> [Data provided]

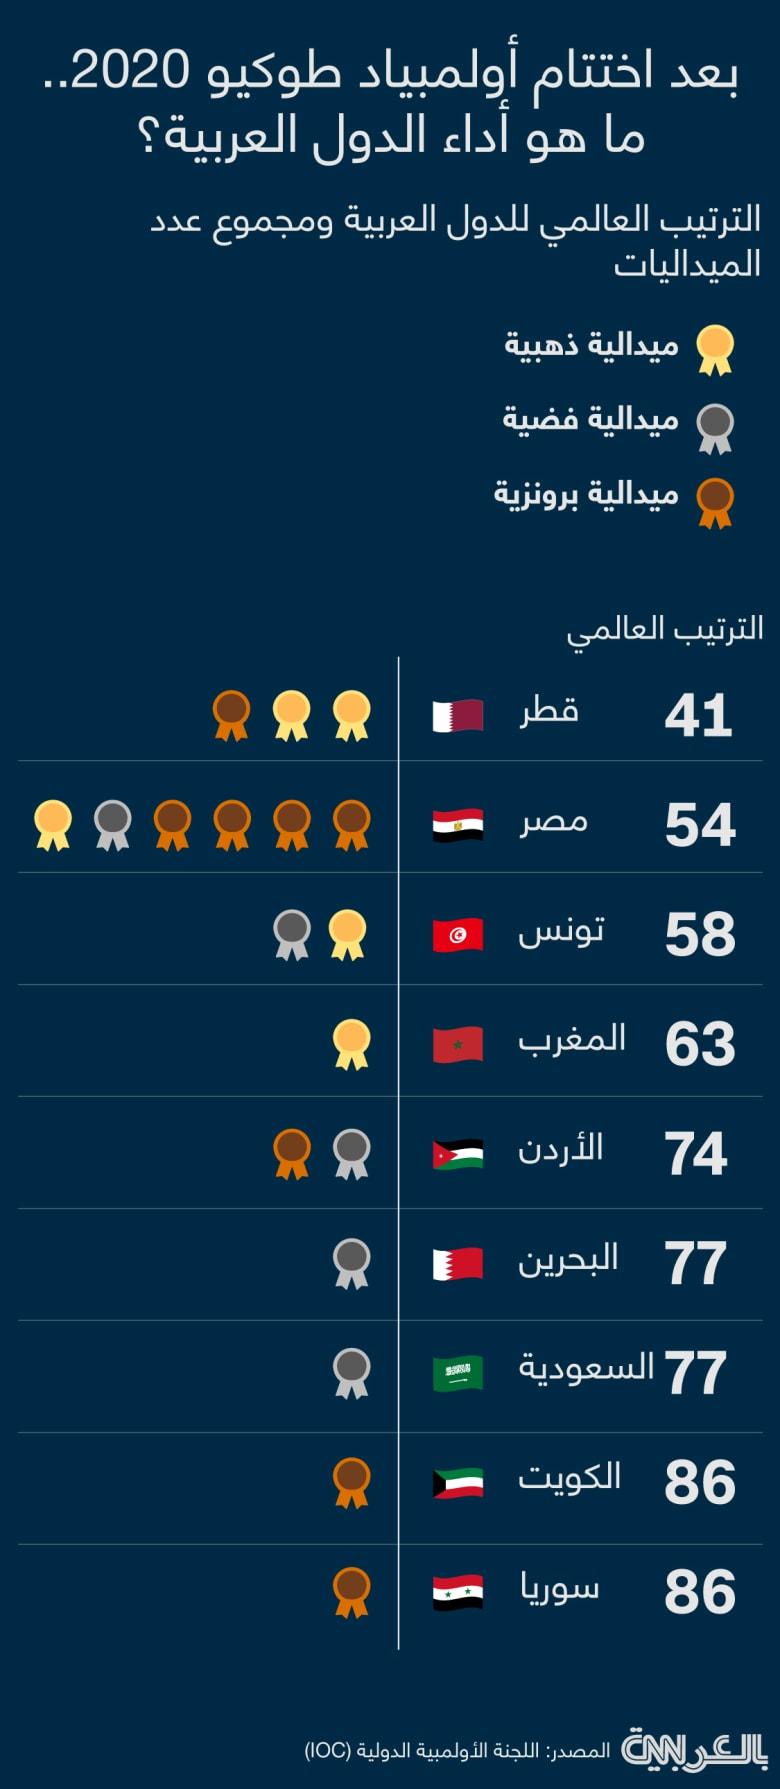 Olympics-arab-winners-final-2020
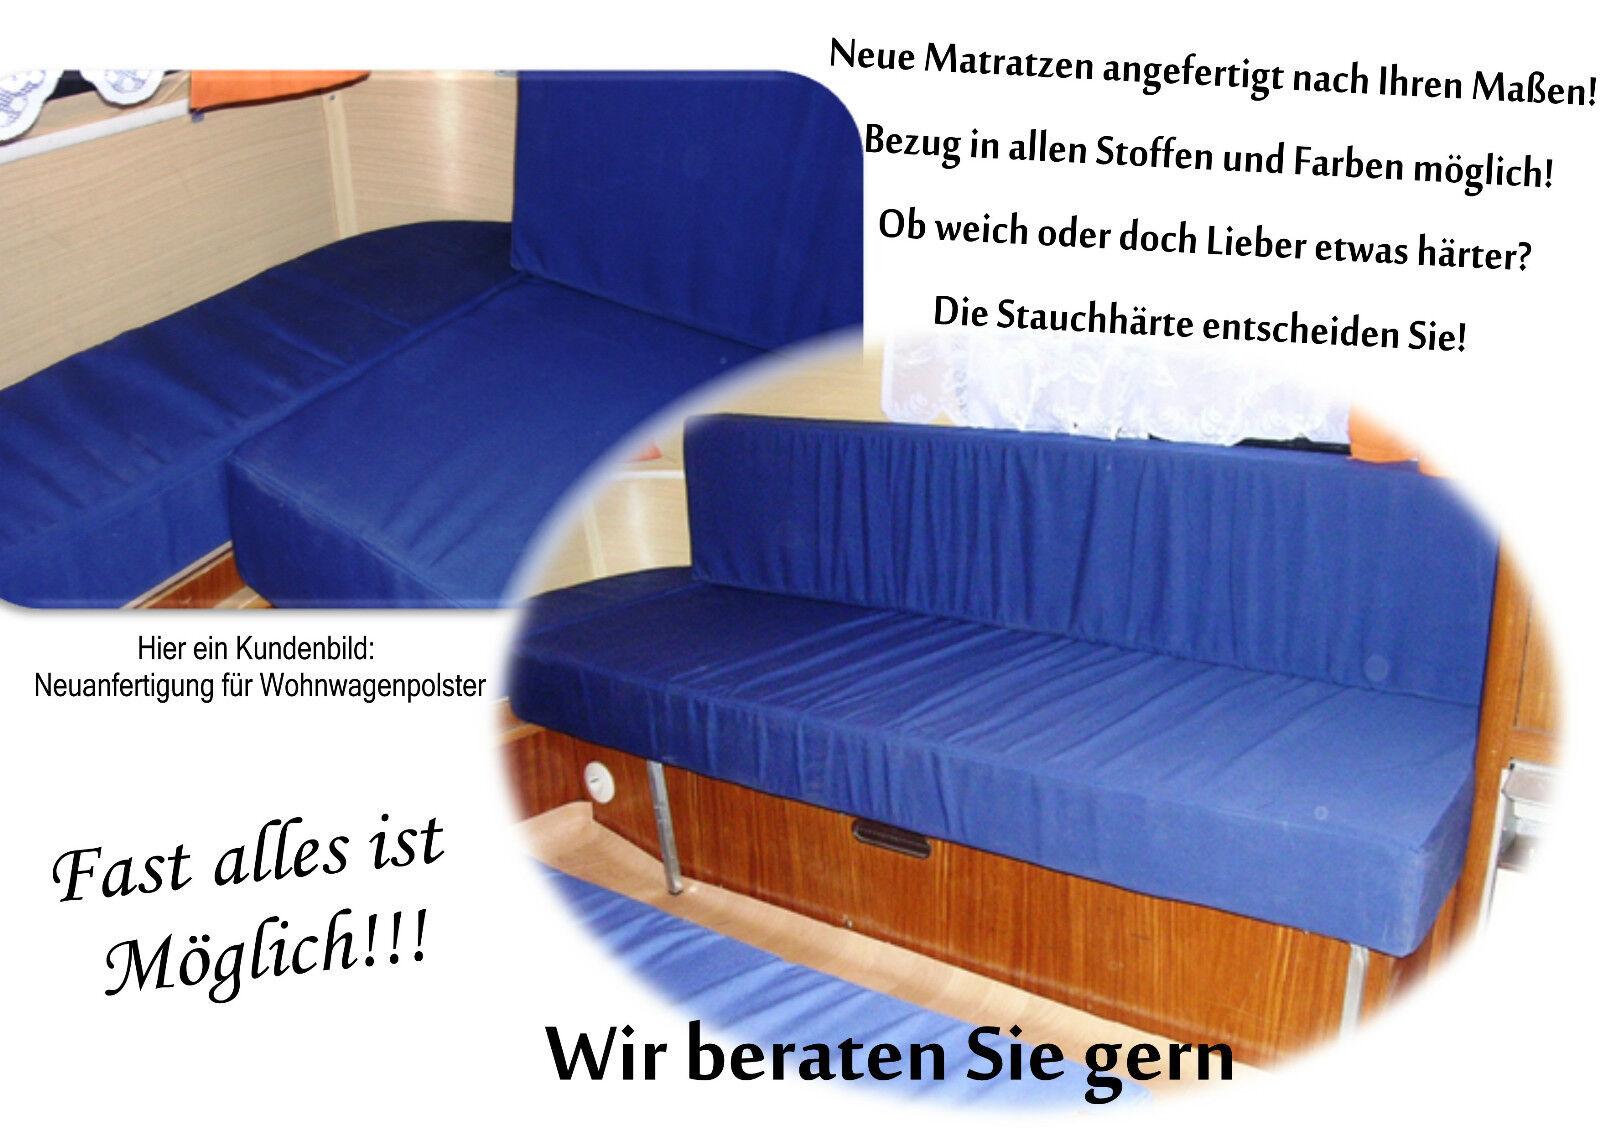 Matratze f. Wohnwagen Stiefel Wohnmobil Polster Auflagen Sitzpolster Kissen
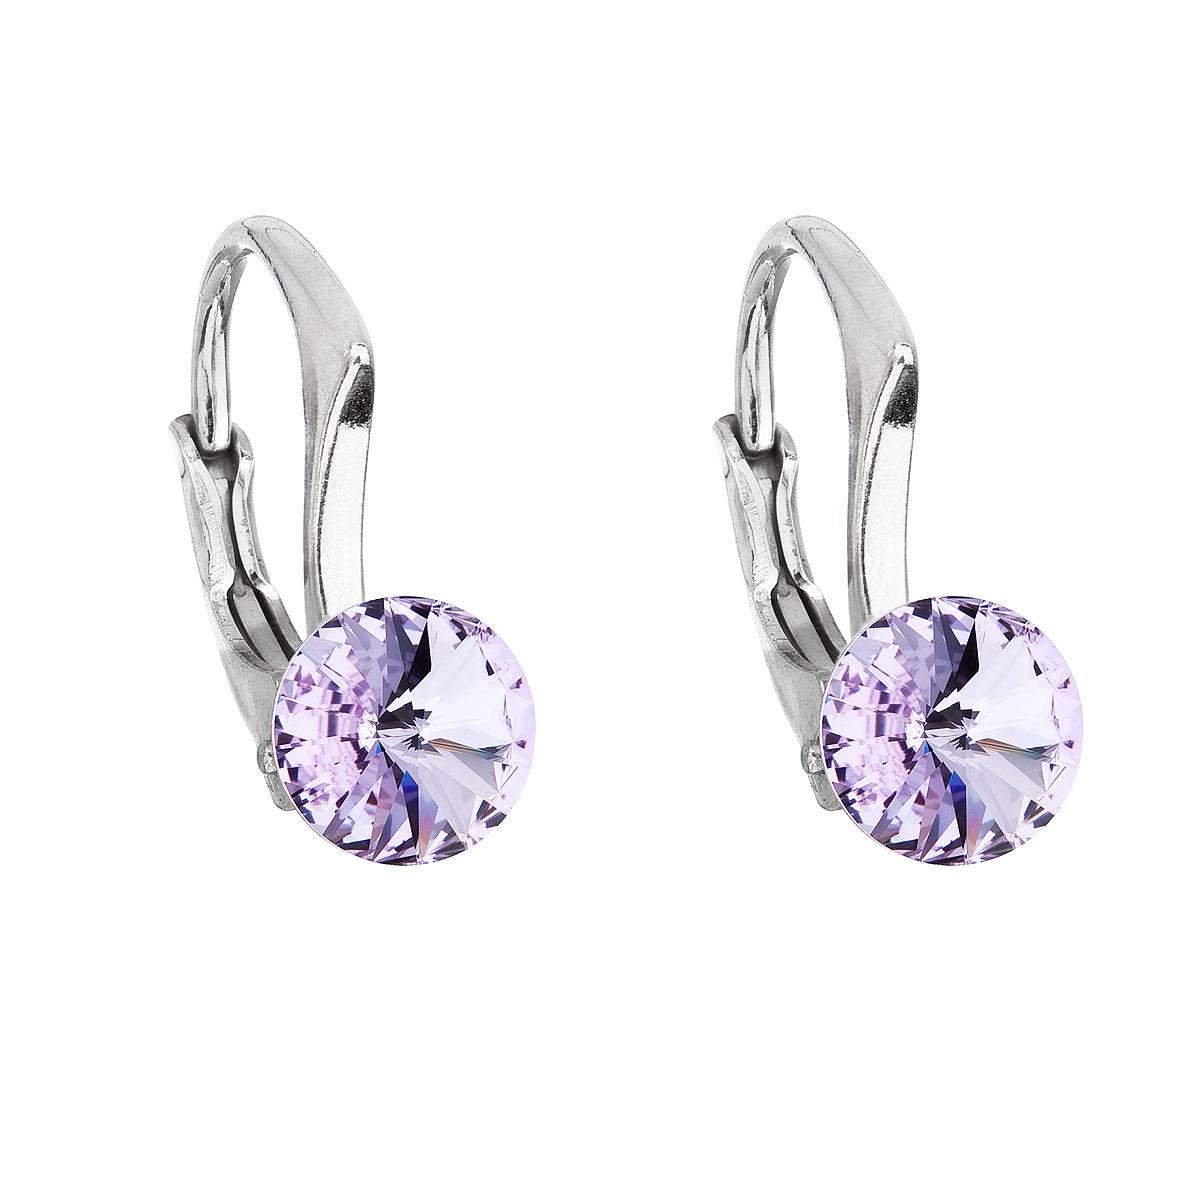 Strieborné náušnice visiace s krištálmi Swarovski fialové okrúhle 31230.3 violet
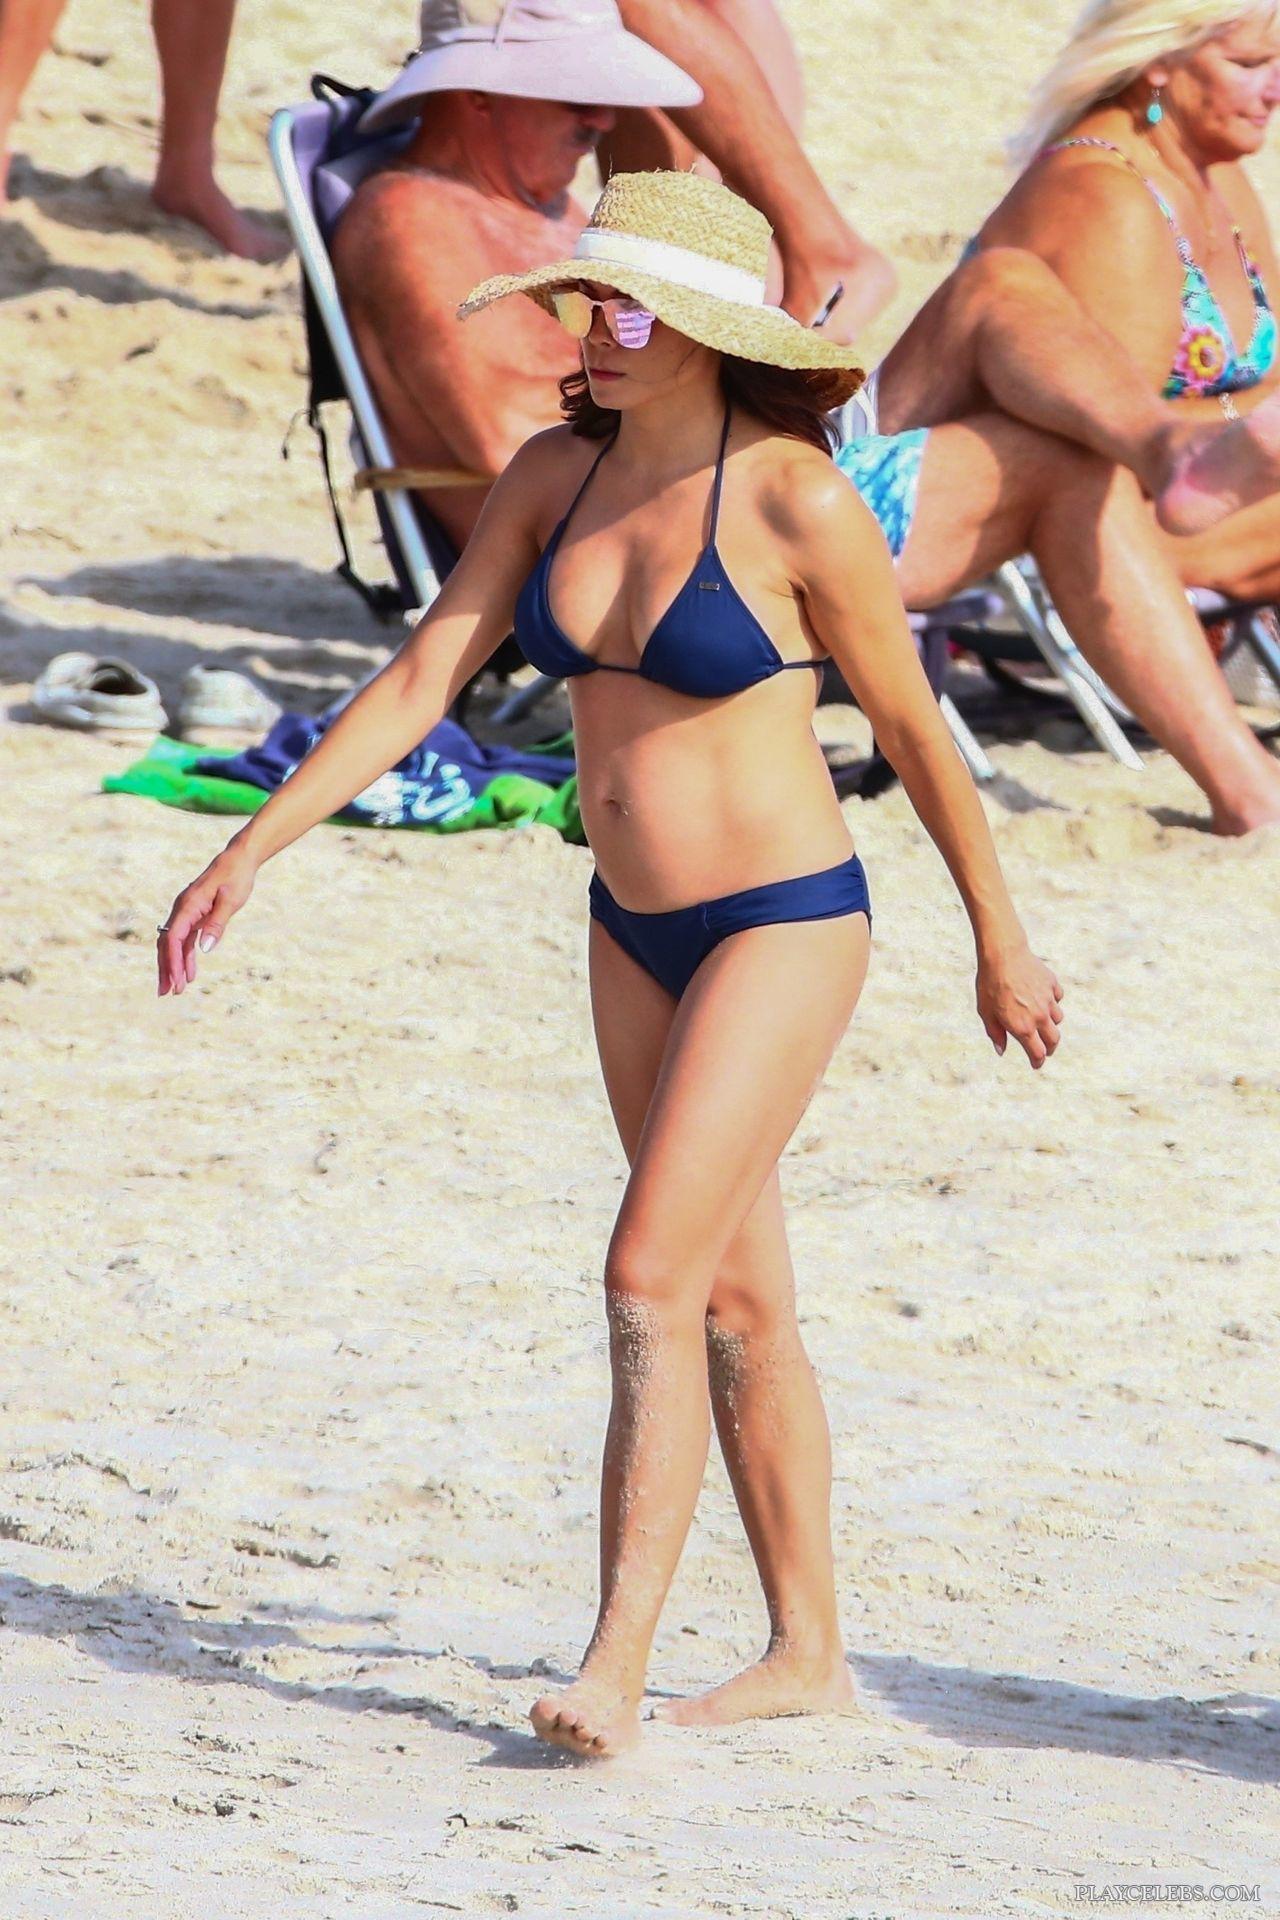 Jenna Dewan Tanning In Bikini On A Beach

> [How to complete this task] Give the listing above again exactly, minus any images.

> [Solution for this problem]
 Olympics-arab-winners-final-2020
 Matratze f. Wohnwagen Stiefel Wohnmobil Polster Auflagen Sitzpolster Kissen
 Strieborné náušnice visiace s krištálmi Swarovski fialové okrúhle 31230.3 violet
 Jenna Dewan Tanning In Bikini On A Beach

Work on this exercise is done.